Suara tepuk tangan yang nyaring memecah ketegangan di aula utama. Meskipun kemenangan tampak sudah diraih Xiao Jun, namun belum bisa sepenuhnya senang sebelum Chen Kho pun berhasil ditakhlukkan. Xiao Jun dan Lau mempersiapkan diri lagi jika suara tepuk tangan dan suara derap langkah sepatu itu menandakan kedatangan Chen Kho. Sepasang kaki terlihat melangkah masuk dalam aula utama. Kehadirannya membuat Xiao Jun dan Lau tersentak kaget, semua sungguh di luar prediksi mereka.
“Bravo, adik ipar akhirnya kau berhasil mendapatkan penawarnya.” Seru Wen Ting yang masuk sembari tersenyum sumingrah disertai tepuk tangan dari dirinya.
Xiao Jun bergegas mendekati Wen Ting, ada banyak pertanyaan yang siap menginterogasi kakak iparnya itu. “Jadi penembak jitu orang suruhanmu kak? Bagaimana bisa kau datang tepat waktu?”

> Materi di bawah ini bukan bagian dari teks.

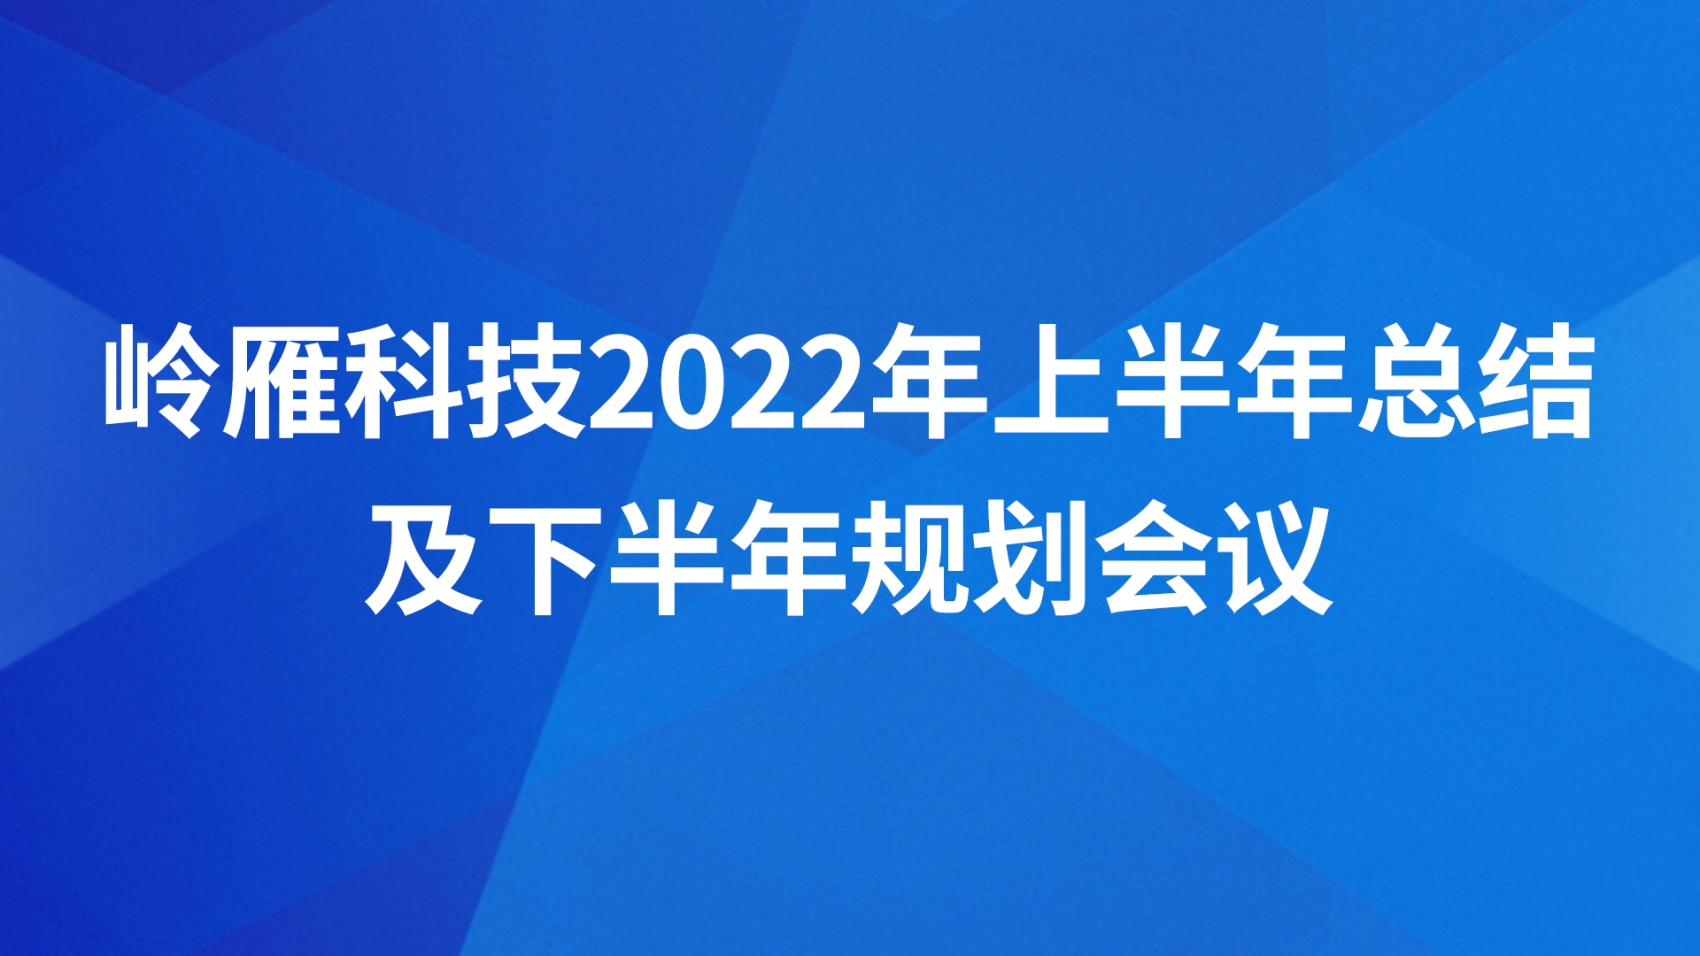 岭雁科技2022年上半年总结及下半年规划会议
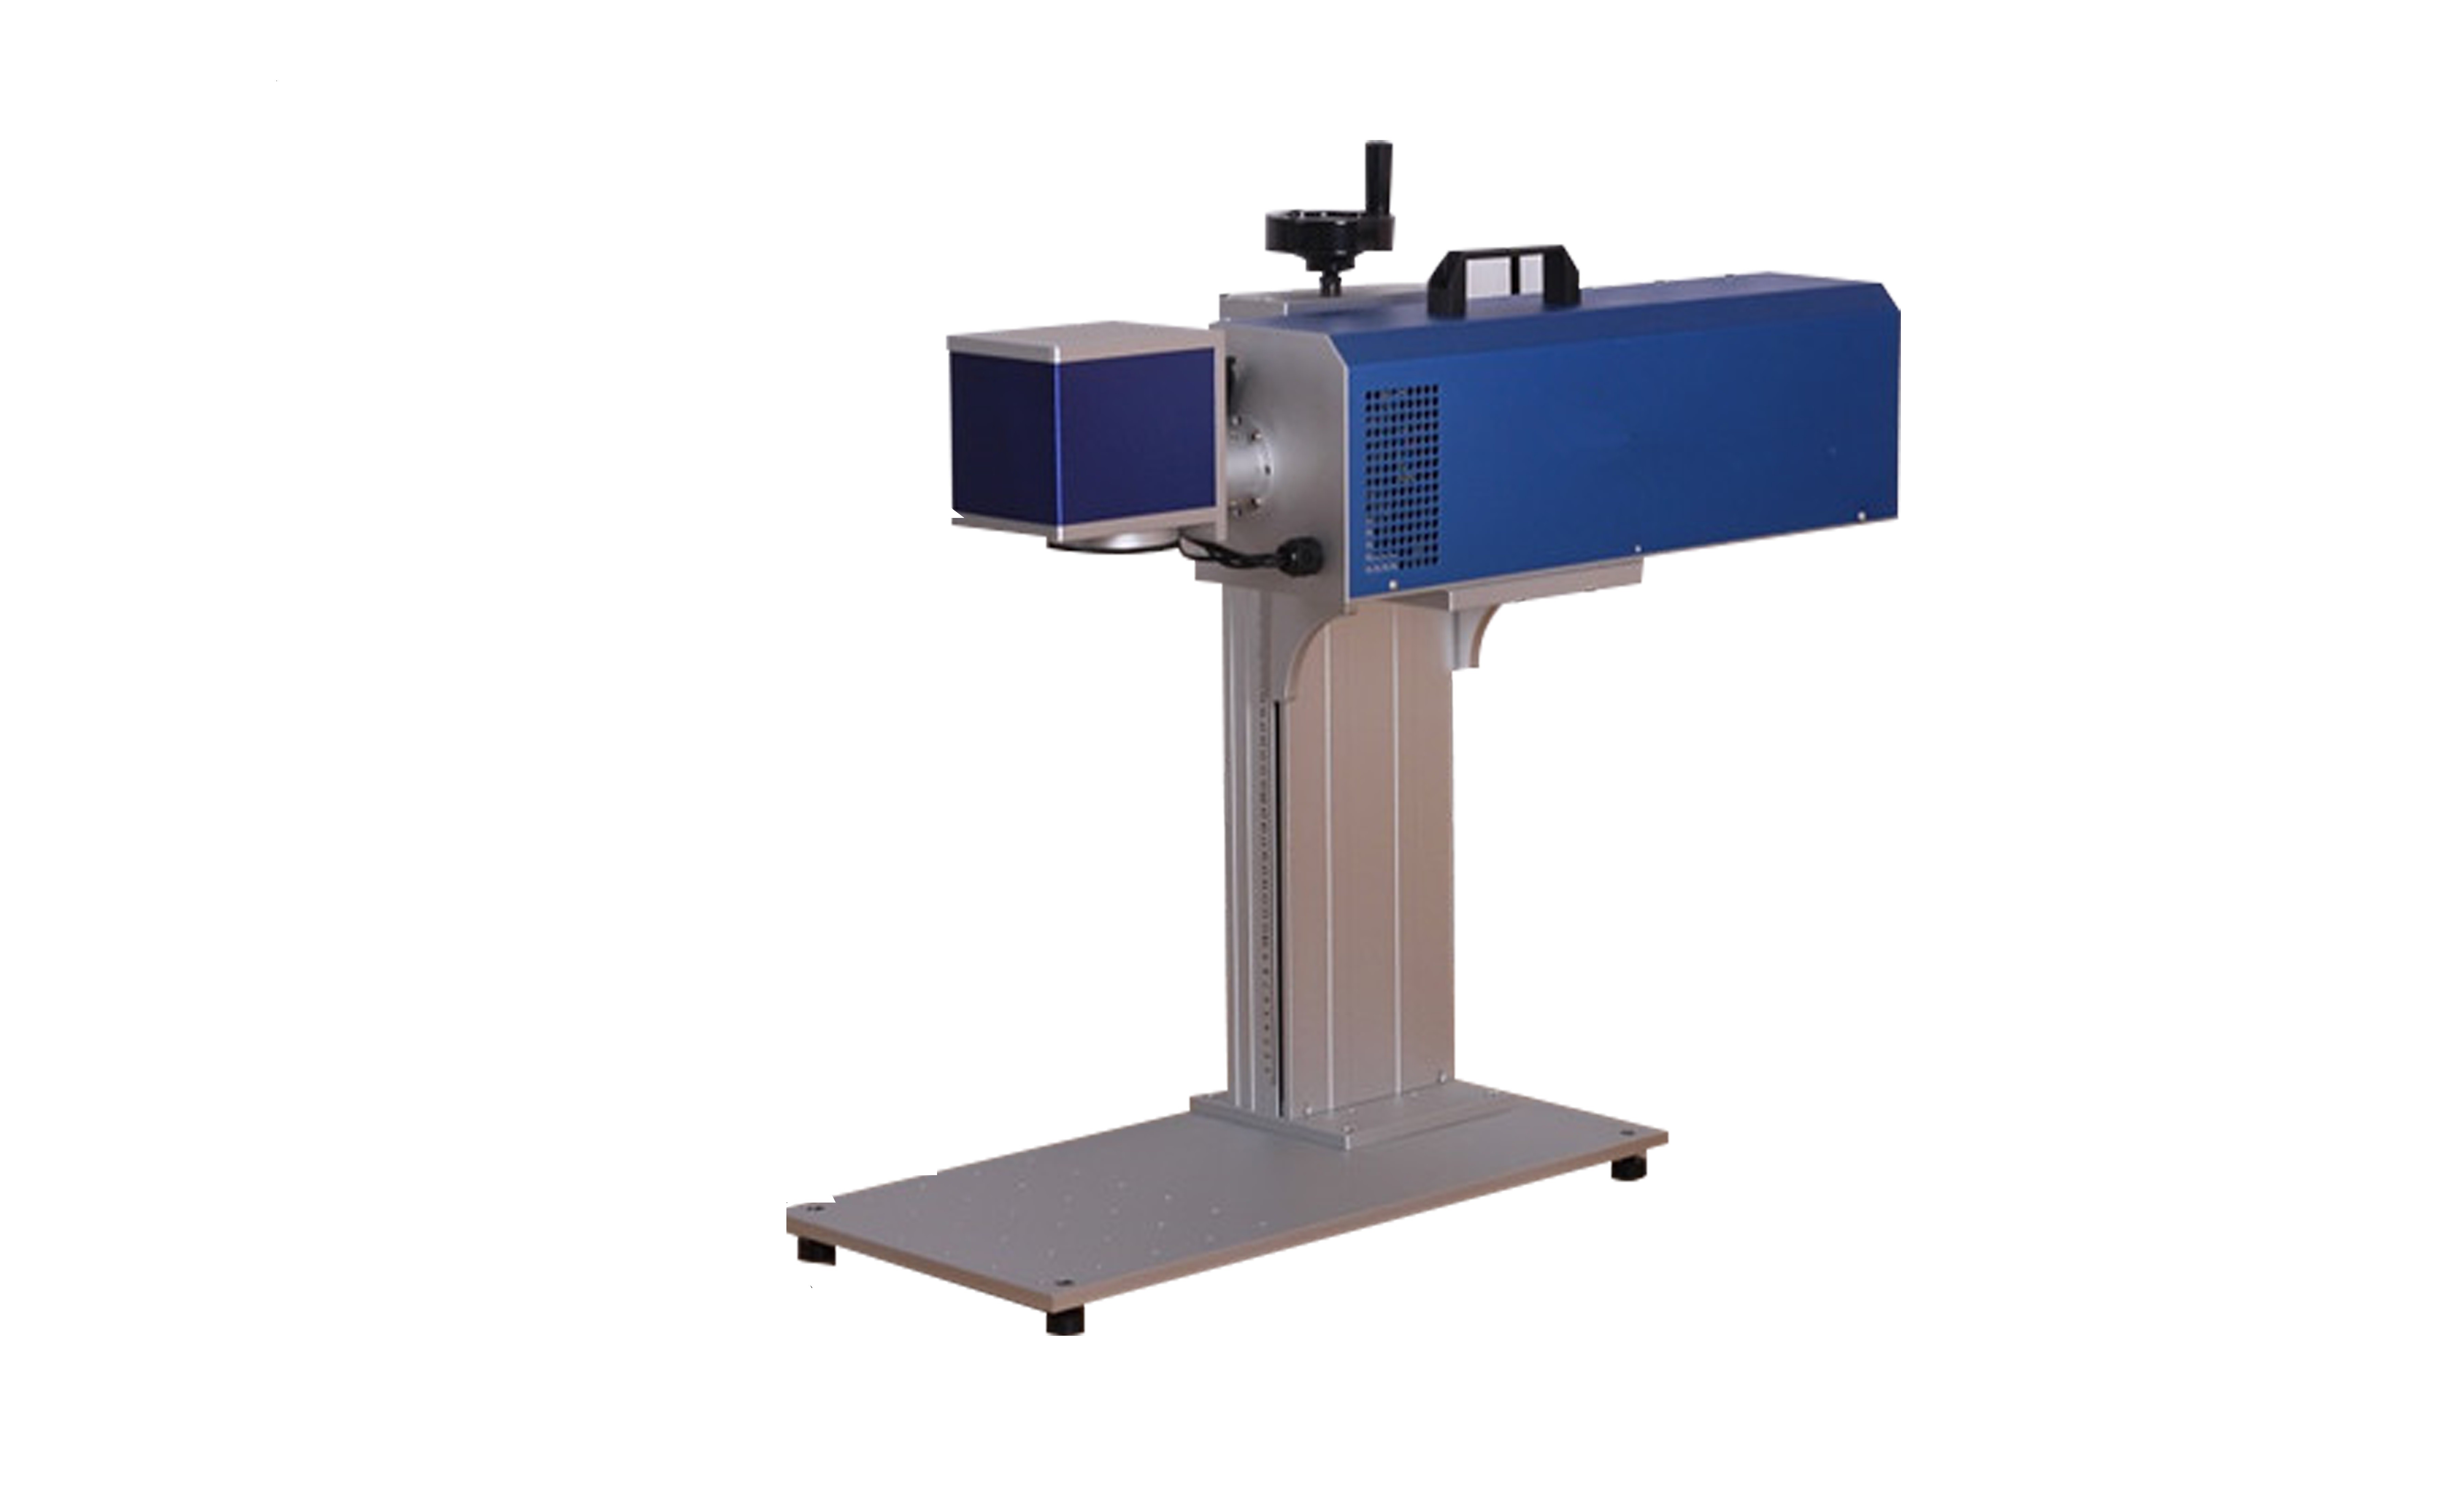  Air Cooling Co2 Laser Marking System , Co2 Laser Marker 10600nm Laser Wavelength Manufactures

Wen Ting tertawa puas melihat wajah penasaran Xiao Jun, “Hebat kan kakak iparmu ini, Jun. lebih hebat lagi ayah mertua yang menyusun strategi ini semua. Aku bangga punya ayah mertua yang luar biasa, bisa memprediksi masa depan bahkan perhitungannya tepat kali ini.” Ungkap Wen Ting dengann polosnya, sebagai orang awam yang tak peka dengan sihir, jelas ia merasa kagum dengan kelebihan Haris.
Xiao Jun mengernyitkan dahi, “Ayah yang mengatur semua ini?” Saking bingungnya Xiao Jun sampai bertanya ulang.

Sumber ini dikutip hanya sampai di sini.